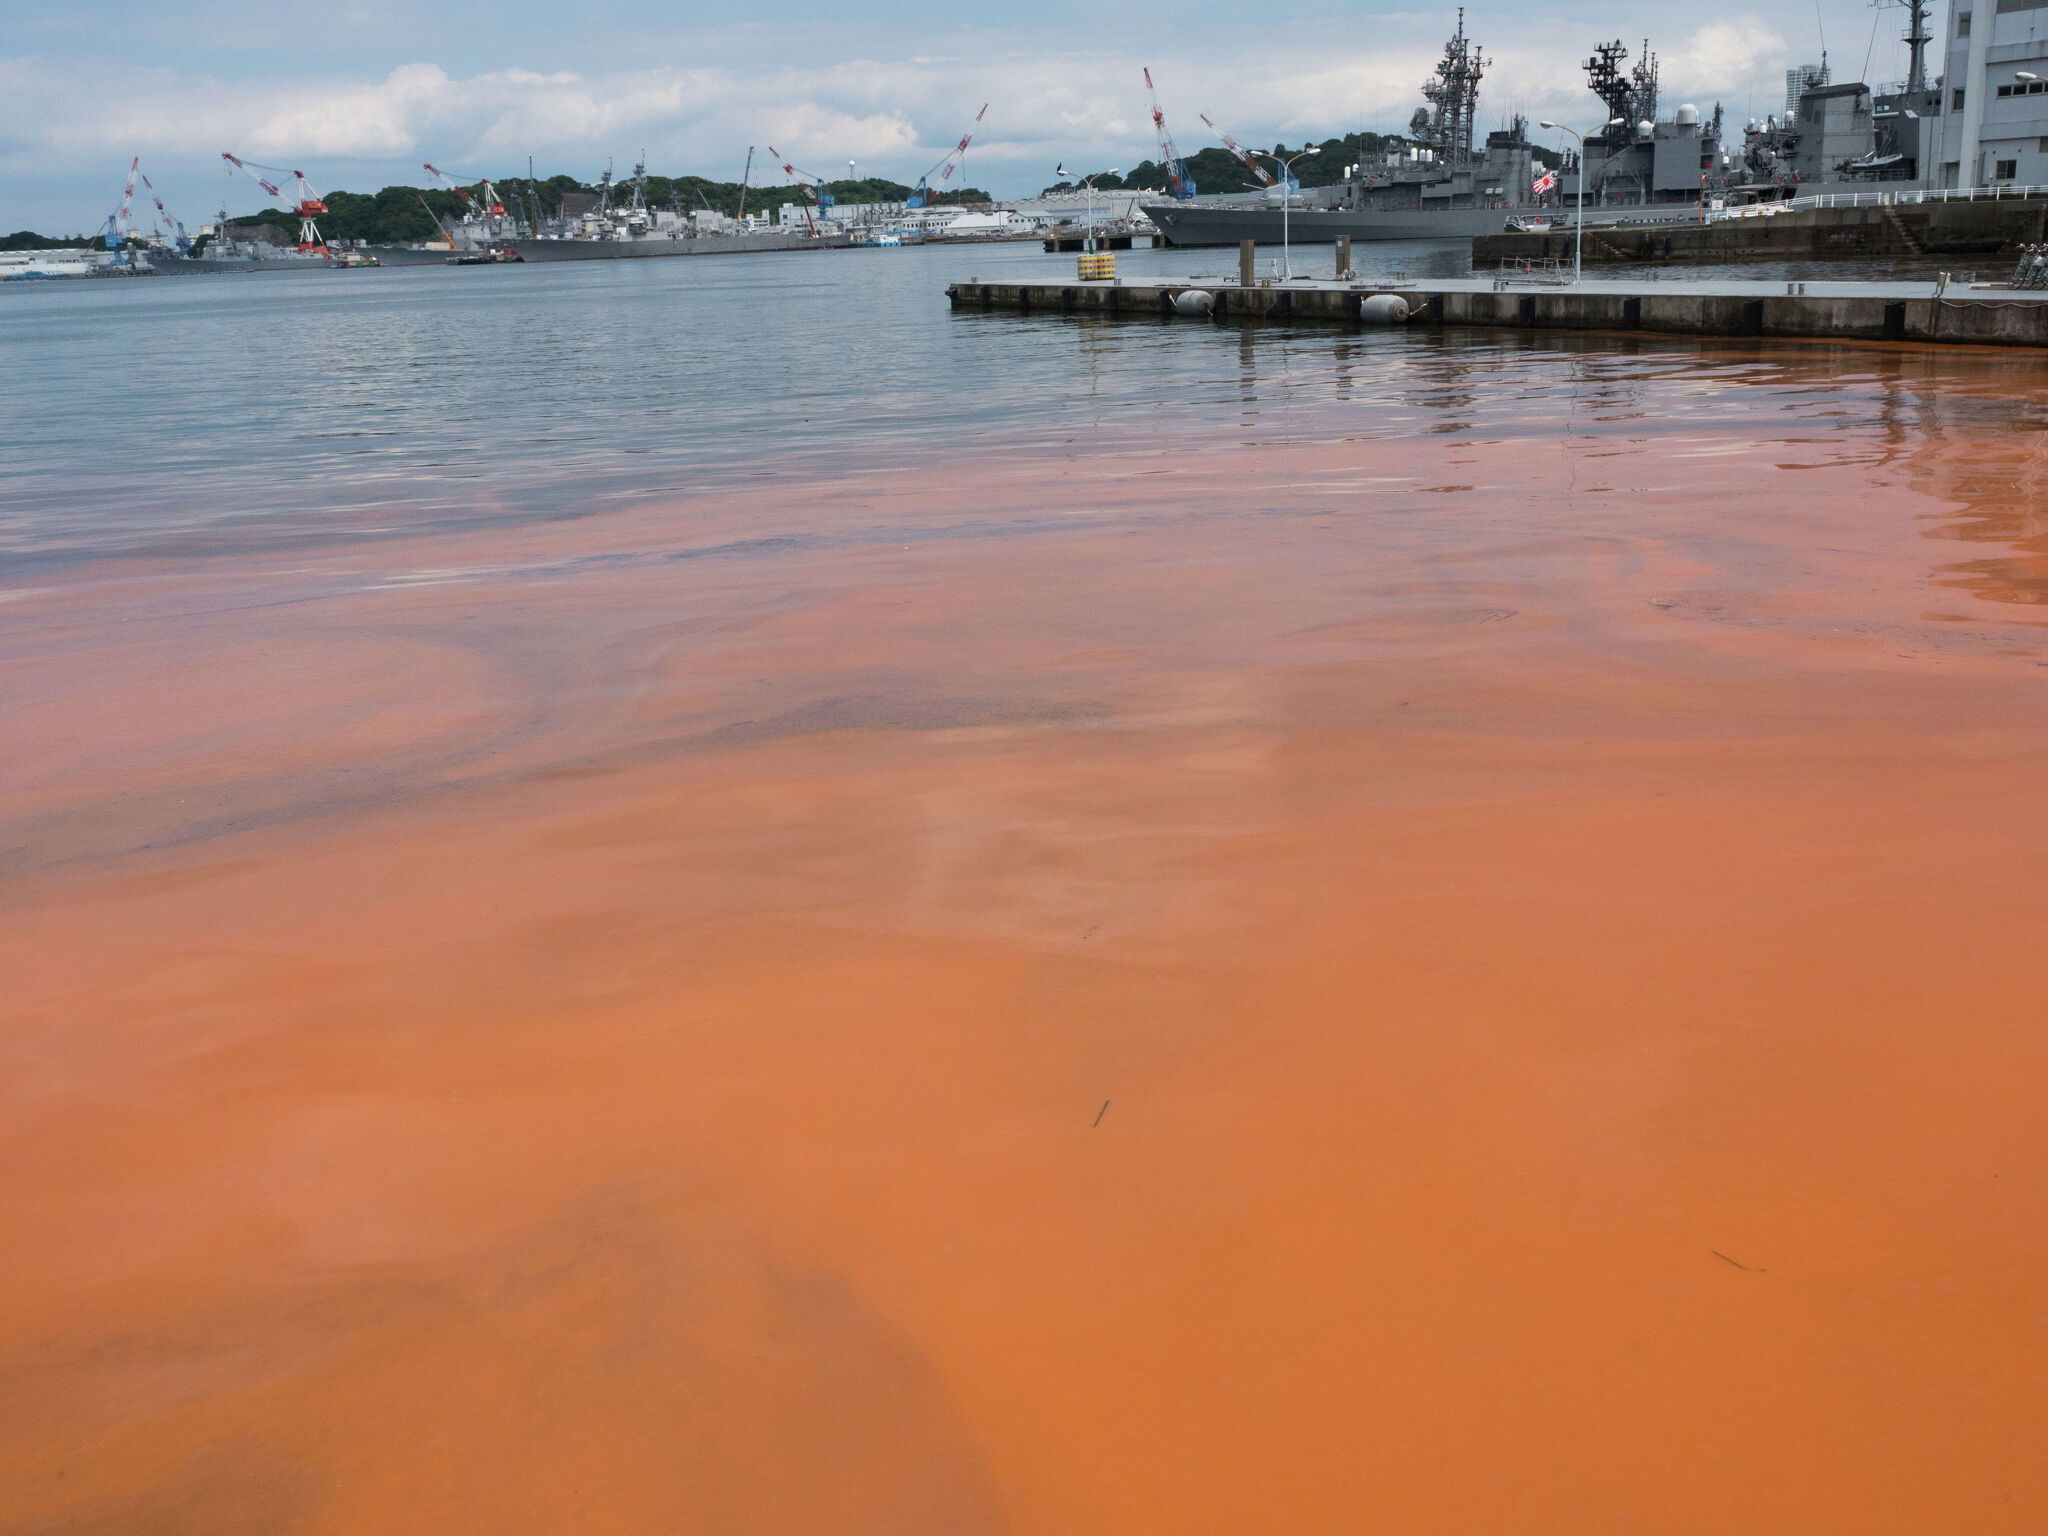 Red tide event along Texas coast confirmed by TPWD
==
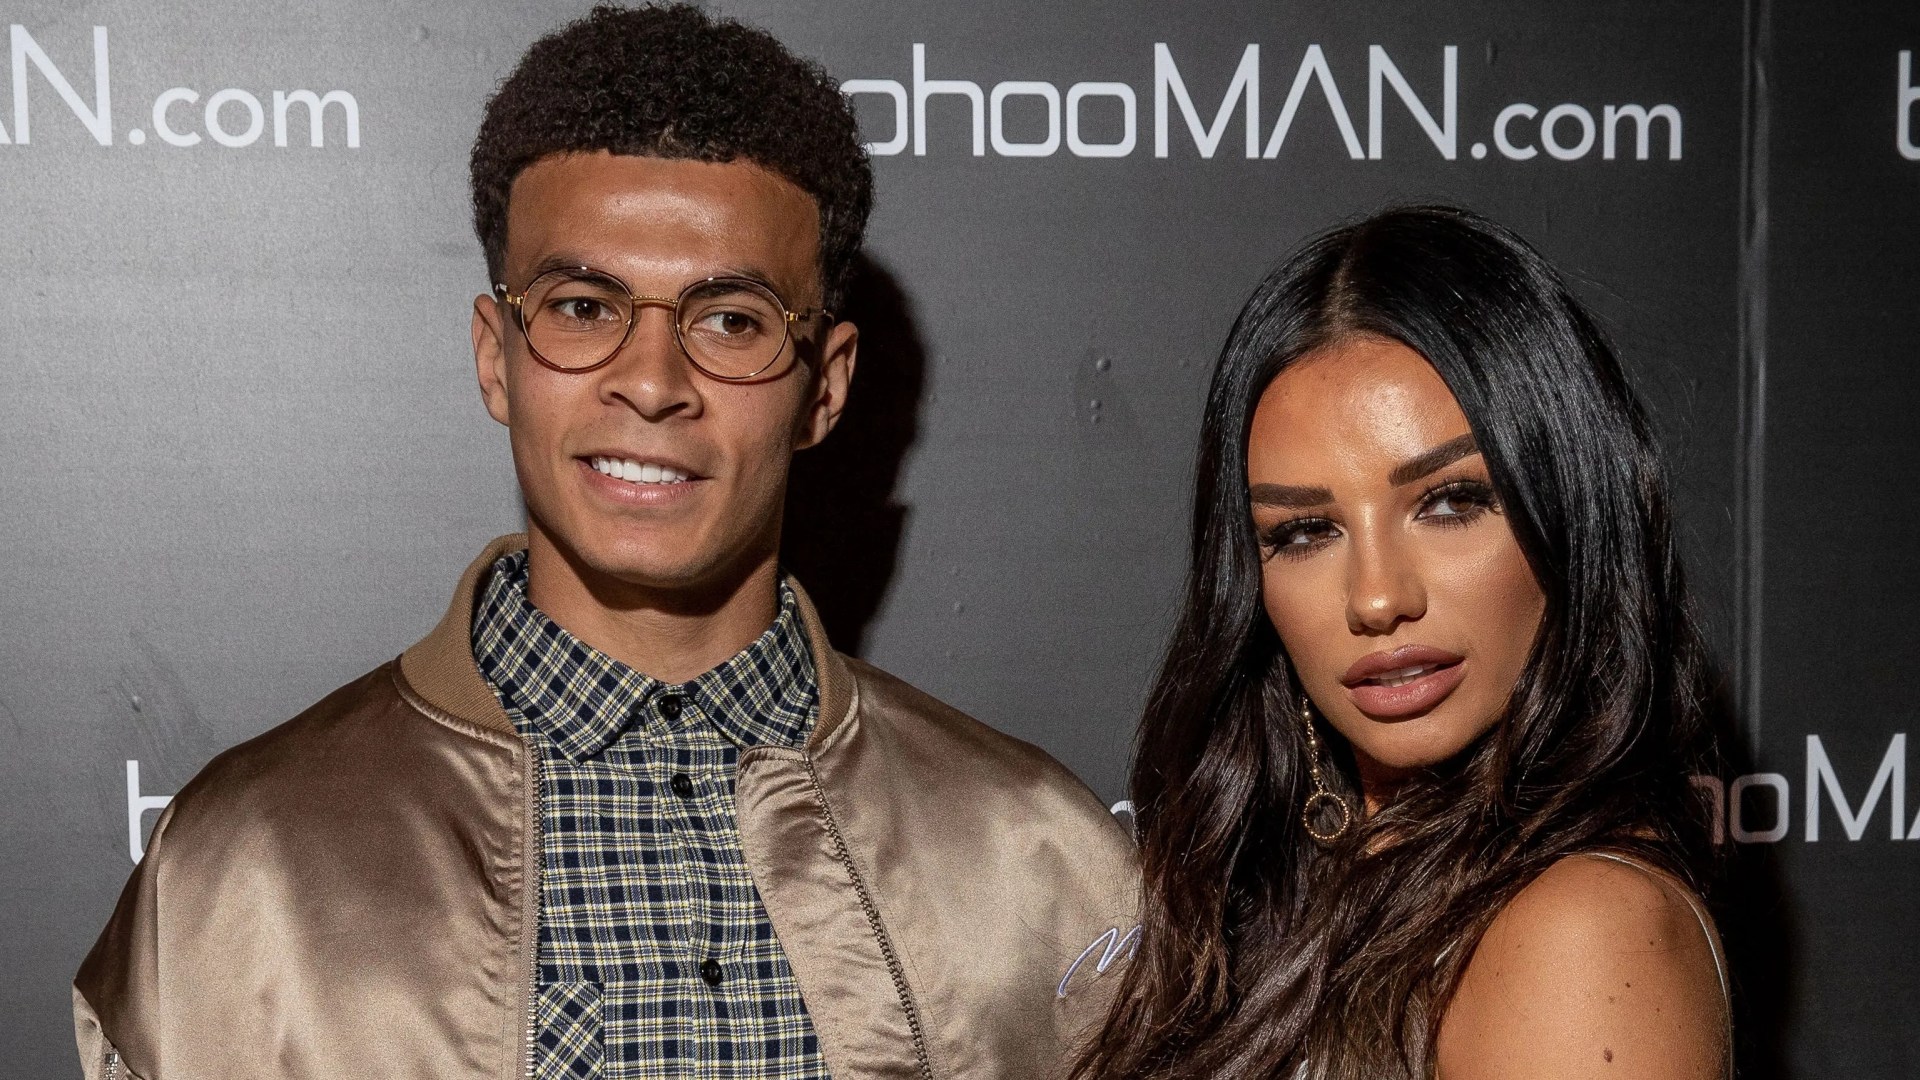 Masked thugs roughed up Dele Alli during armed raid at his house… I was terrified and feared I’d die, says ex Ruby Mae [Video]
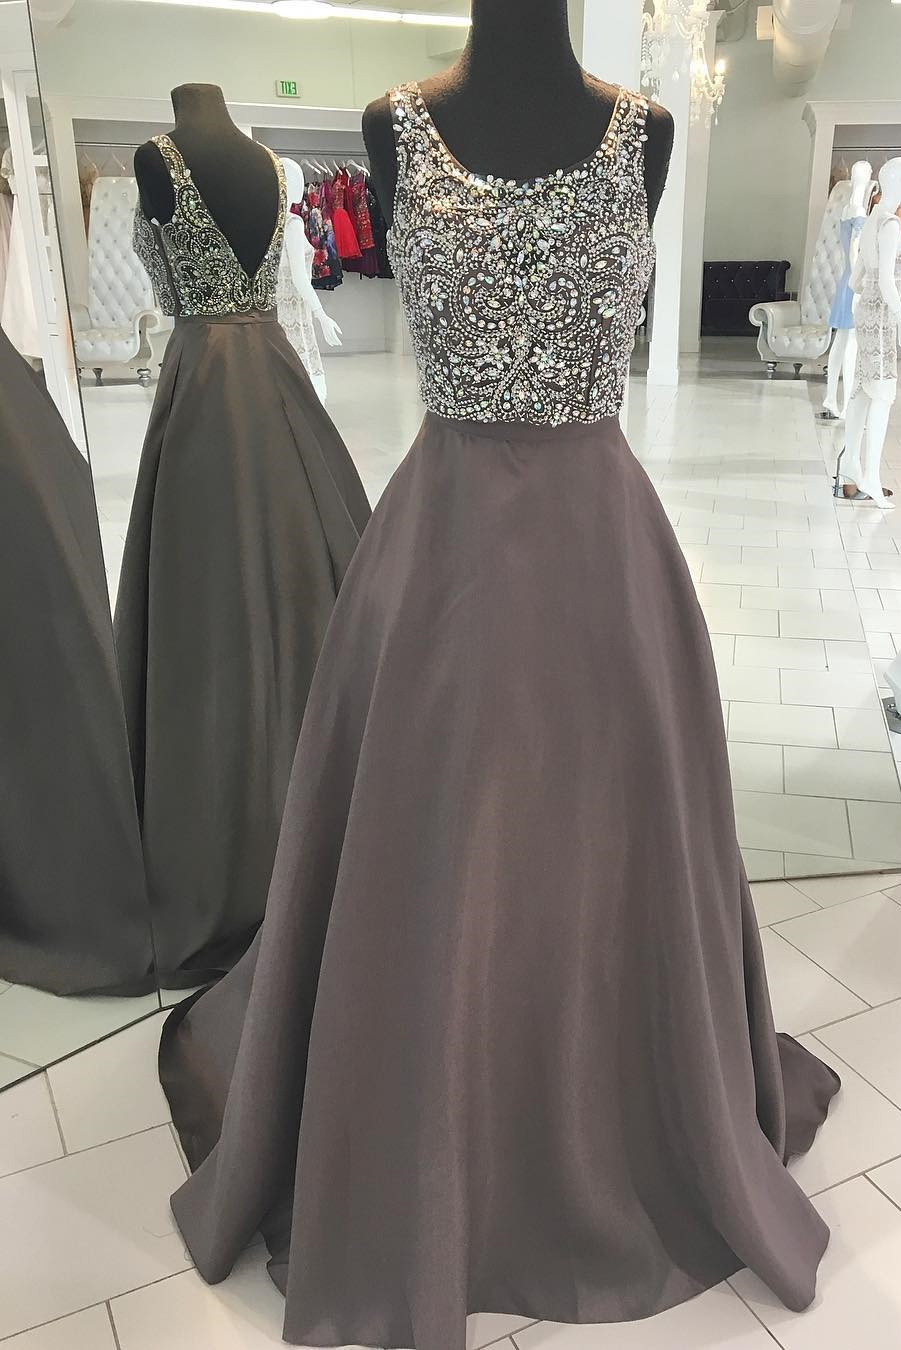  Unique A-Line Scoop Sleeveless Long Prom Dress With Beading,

▶ **What is expected**: Excerpt from the records above: set down only the lines from the one that contains "Masked thugs roughed" through the one that contains "Unique A-Line Scoop", inclusive, word for word. Pictures stay out.

▶ **Response to the exercise**:
 Masked thugs roughed up Dele Alli during armed raid at his house… I was terrified and feared I’d die, says ex Ruby Mae [Video]
  Unique A-Line Scoop Sleeveless Long Prom Dress With Beading,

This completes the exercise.